For a while now ive been using aliases to connect to machines. I alias a $hostname to xterm -T $hostname -e ssh $hostname &
. This means each connection gets a new fresh xterm. Of course doing an alias command for each host woudl be tedious so i have some magic in bash startup stuff.

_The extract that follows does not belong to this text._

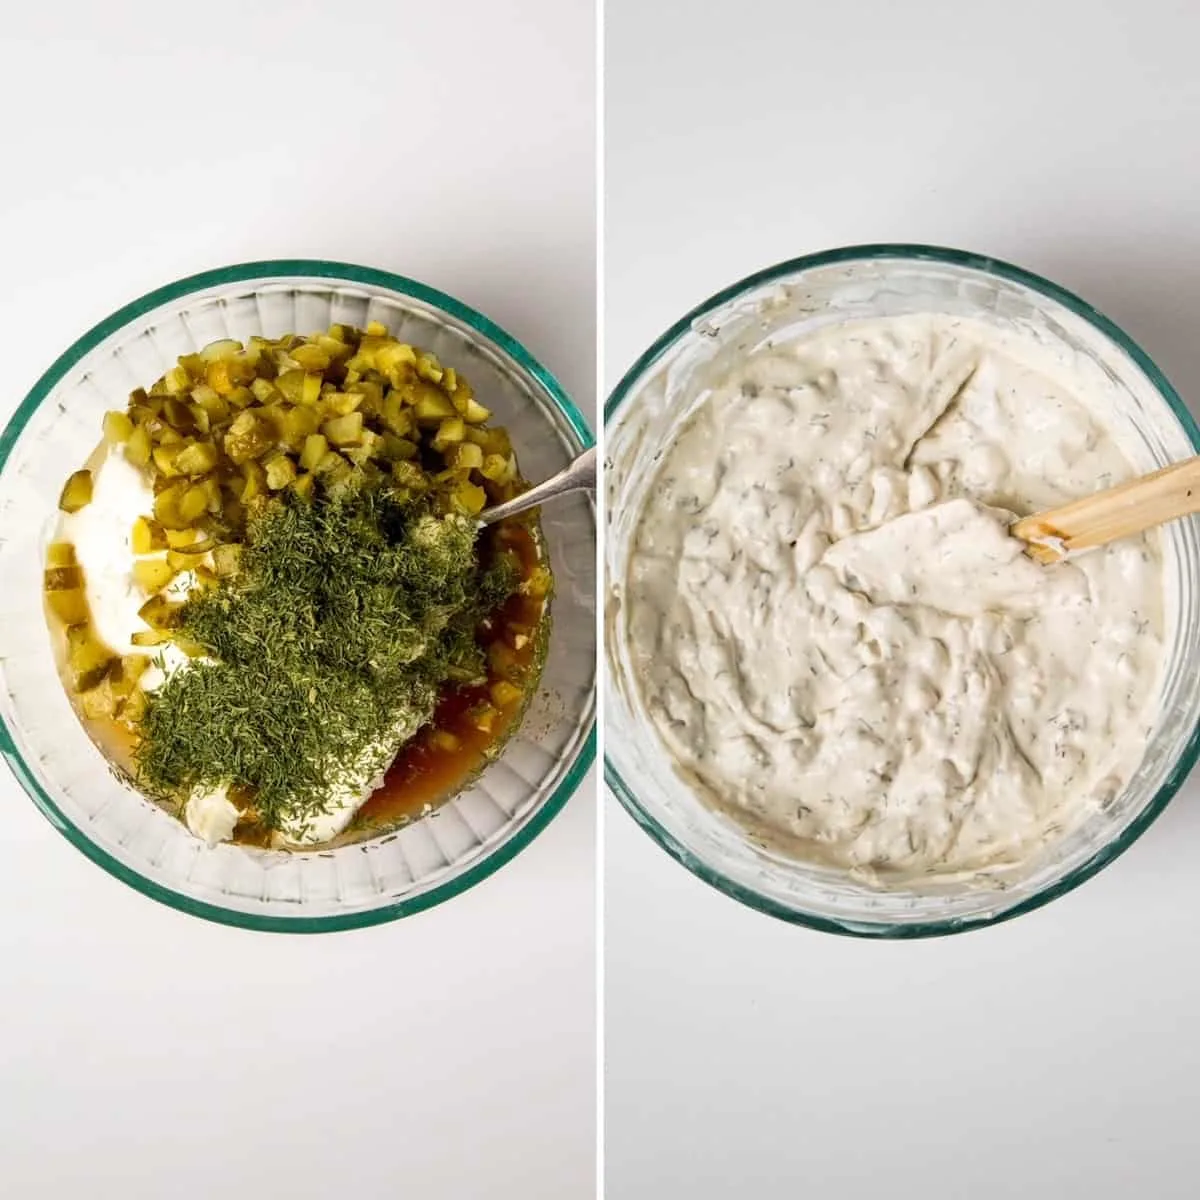 Side by side photos of dip ingredients in a bowl on the left and then mixed together on the right.

bob@betty:~ >cat .bashrc [ -f ~/.bash_aliases ] && . ~/.bash_aliases PS1="\u@\h:\w >" PATH=$PATH:/usr/sbin:/usr/local/sbin:/sbin bob@betty:~ >cat .bash_aliases for MACHINE in `cat ~/.machines` do alias $MACHINE="xterm -T $MACHINE -e ssh $MACHINE &" done
Where .machines
is a list of machines one per line
Recently I have been connecting to machines which arnt in this list with ssh directly. This has the disadvantage that they dont get their own xterm and I have to start another xterm manually if I need another one. So I started to looking into aliasing ssh to the same thing. However, aliases arnt clever enough for this you need to use functions instead.
So I wrote a function to do what i wanted.
function ssh { xterm -T $1 -e ssh $1 & }
It then occured to me since this is just programming perhaps I can expand this to check to see if host is mentioned in .machines
and if it isnt add it. So I wrote a function
function testmachine { machine=`grep $1 ~/.machines` if [ "x$machine" = "x" ] then echo "not in ~/.machines adding" echo $1 >> ~/.machines source ~/.bash_aliases fi }
As you can see it also then sources ~/.bash_aliases
this makes sure that the current shell gets the new alias. I then added more to the ssh fucntion
function ssh { xterm -T $1 -e ssh $1 & testmachine $1 }
I then told my .bashrc
to source a new file called .bash_functions
which contains the two fucntions from above. And everything is now good.